The Data Bottleneck Is the Real Bottleneck in Subsurface AI

There is a comfortable story that gets told about machine learning in the subsurface, and it goes like this: the hard part is the model. Pick the right architecture, tune the right loss, find the right backbone, and accuracy follows. It is a story engineers like because it is the part of the problem they control. In our work with a mid-sized Middle East carbonate operator — a roughly twenty-month engagement building a fracture-detection system on image logs from two different microresistivity imaging tools — that story turned out to be almost exactly backwards. The model mattered. But the variable that moved accuracy by orders of magnitude was not the architecture. It was how many annotated wells actually showed up.

A program scoped for 25 wells, fed 8

The engagement was scoped, on paper, around 25 wells delivered for annotation. That was the number the data-supply plan promised, the number the training schedule assumed, and the number the accuracy targets were implicitly underwritten by.
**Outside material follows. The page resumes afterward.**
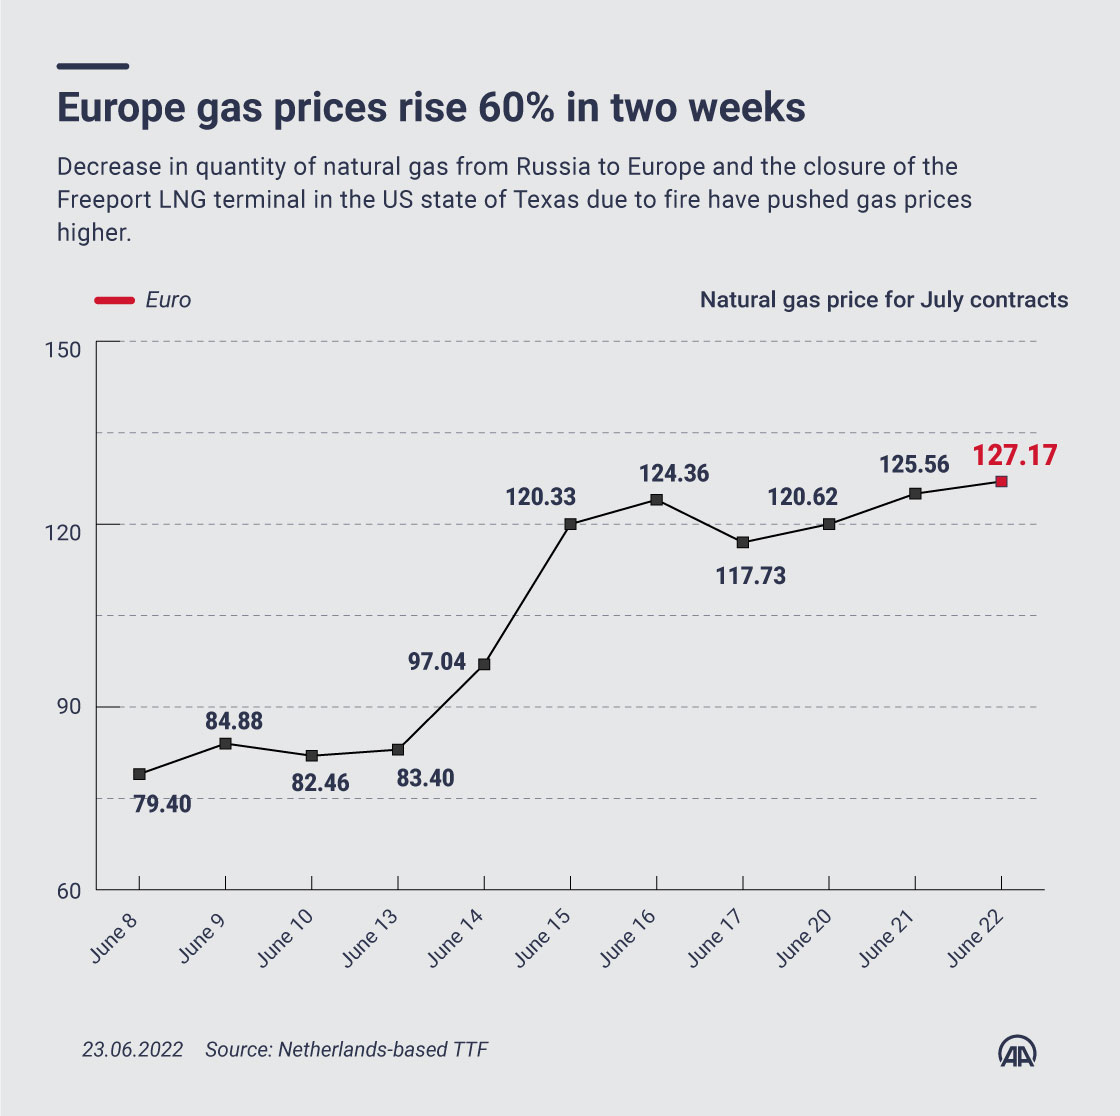 Europe gas prices rise 60% in two weeks as Russia reduces supply

What arrived, through the early phases when the model was being built, was 8 usable wells. Ten image-log wells were delivered in the first tranche; two of those were dropped — one for a tool mismatch, one for image-quality problems — leaving 8 to actually train on. The raw-pick interpretations and binary wireline log files for the rest of the scoped wells trickled in over many months, tracked one delivery at a time on a data-management dashboard, well behind the cadence the project needed.

This is not a story about a vendor missing a deadline. It is the normal shape of subsurface data supply, and it is the single most under-modelled risk in operator AI programs. Annotated wells do not arrive on the schedule a Gantt chart assumes. They are gated by an expert interpreter's availability, by which fields have been digitised, by confidentiality and partner sign-off, by the physical reality that a producing asset's priority is production, not feeding a model. A program that treats labelled-well supply as a given has mis-located its own critical path.

The accuracy curve tracked well count, not algorithm changes

Here is the part that should reorganise how a data leader thinks about these programs. We ran a controlled sweep — hold the architecture fixed, vary only the number of training wells, and watch the model's classification error. The fracture-detection model is a Detection-Transformer-derived set predictor: it emits a fixed set of candidate sinusoids per image patch, matches them to ground-truth picks with a Hungarian bipartite assignment, and is scored on how cleanly it separates "fracture here" from "nothing here." That classification error is the cleanest single readout of whether the model has learned the geology or is guessing.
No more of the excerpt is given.